Black Orchid (1982)

Black Orchid is a curious story in that it is only two episodes but two episodes of nothing. Nothing of any consequence happens during this 50 minute adventure. This was Terrance Dudley’s second story of the season after ‘Four to Doomsday’ and whilst this story isn’t anywhere near as dull as that story this one isn’t that much better. The story takes place in 1925 where remarkably the Doctor has to play Cricket which given that his outfit is based on cricket is perhaps quite an astute one. The fact that the Doctor is mistakened for someone else is a particularly useful and in this case acceptable way to get the regulars into the action.

The big thing that seems to be of interest is that Sarah Sutton has to play two roles. She has to play Nyssa and Ann Talbot. I’m not quite sure as to what the point of this was. The only thing I can think of is that it’s to make up for being written out during ‘Kinda’. There are some fun moments where Nyssa and Ann have to appear on screen at the same time. The story centers around someone who has been hidden away in a country house whilst a shindig is taking place.

We learn that the individual hidden away was at one time the fiancé of Ann who when he was travelling got into trouble retrieving the Black Orchid and presumably got locked away to protect his families’ interests. In the meantime, Ann marries the brother which doesn’t seem to bother either Ann or Lord Cranleigh. This is something that doesn’t get explained until the final part of the story which is a shame as I think it would have spiced the story up a bit.

Something that does slightly bother me is the bit where everyone seems to go into the TARDIS. It was perhaps the easiest and most sensible thing to do in the story but I just have a problem with letting everyone in the TARDIS. It should be like a VIP nightclub. Only the best get in and not any riff raff. The problem at this time is Club TARDIS is starting to lose a bit of its private setting. Also what is the point of Matthew Waterhouse in this story. It’s arguable as to the level of his contribution in some stories but in ‘Black Orchid’ all he does is dance for about 4 seconds and then proceeds to spend the rest of the story eating. I could have done that if I had been born a year later.

Of the regulars it’s clear that Sarah Sutton takes the lead in this story but actually Peter Davison does quite well with what he is given. He spends a good amount of time walking through secret tunnels and asks why he lets his curiosity get the better of him. As the production text says on the DVD, there wouldn’t be a story if he didn’t. Also having to deny a murder charge was perhaps the most exciting stuff that he did. Janet Fielding has very little to do apart from show that she can do the Charleston. Of the guests in this story Moray Watson was quite likeable as Sir Robert Muir and I would like to have seen more from him. However it was Michael Cochrane who was the most famous name and face in this story. He would go on to appear in ‘Ghostlight’ (1989) and the Big Finish plays ‘No Man Land’ (2006) and ‘Brotherhood of the Daleks’ (2008).
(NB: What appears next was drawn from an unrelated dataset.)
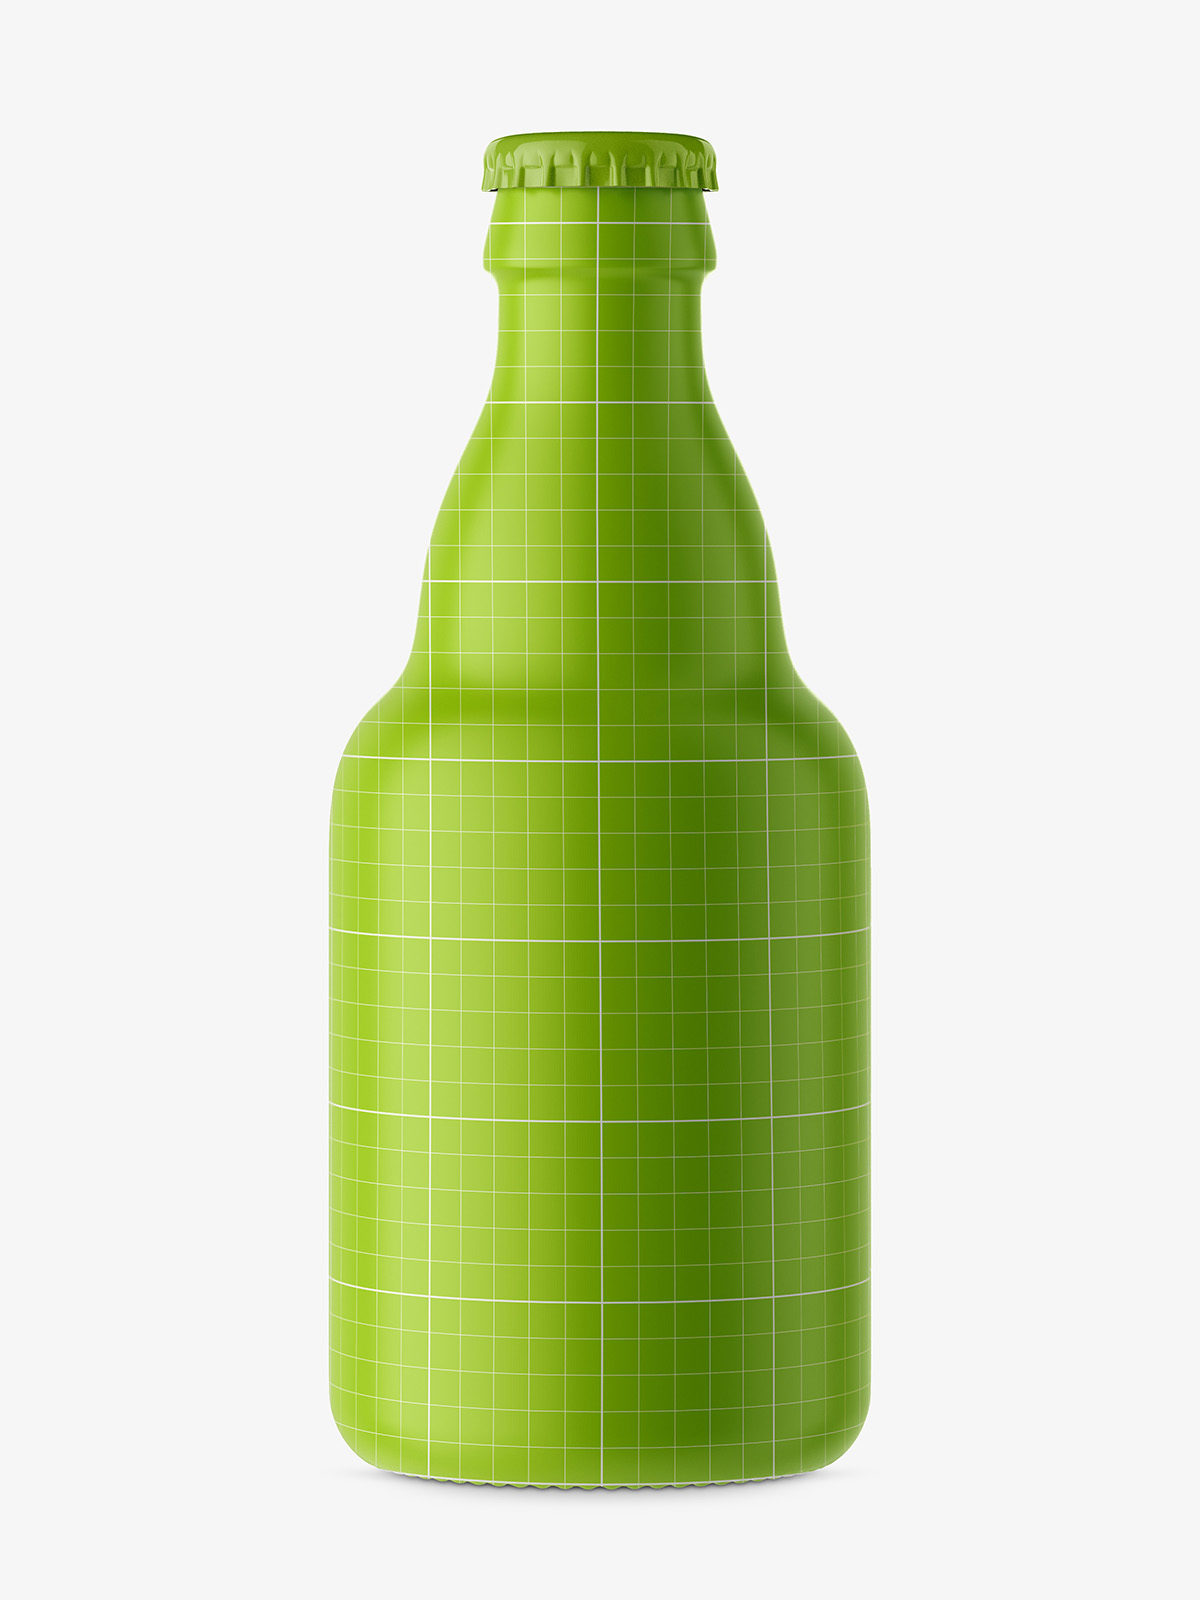 Download Small beer bottle mockup / brown - Smarty Mockups

As Lord Cranleigh, he is a lot of fun in this story and plays the role brilliantly. It’s quite similar to his role in ‘Ghost Light’ and also his role in Sharpe.

Black Orchid is the best story that Terrance Dudley wrote but it’s only because that this story was half the length of a normal adventure. It’s unusual not to have a science fiction element in a Doctor Who story and in fact I think that ‘The Highlanders’ (1966/67) was the last time that there was a pure historical story but unfortunatley that story wasn’t great either.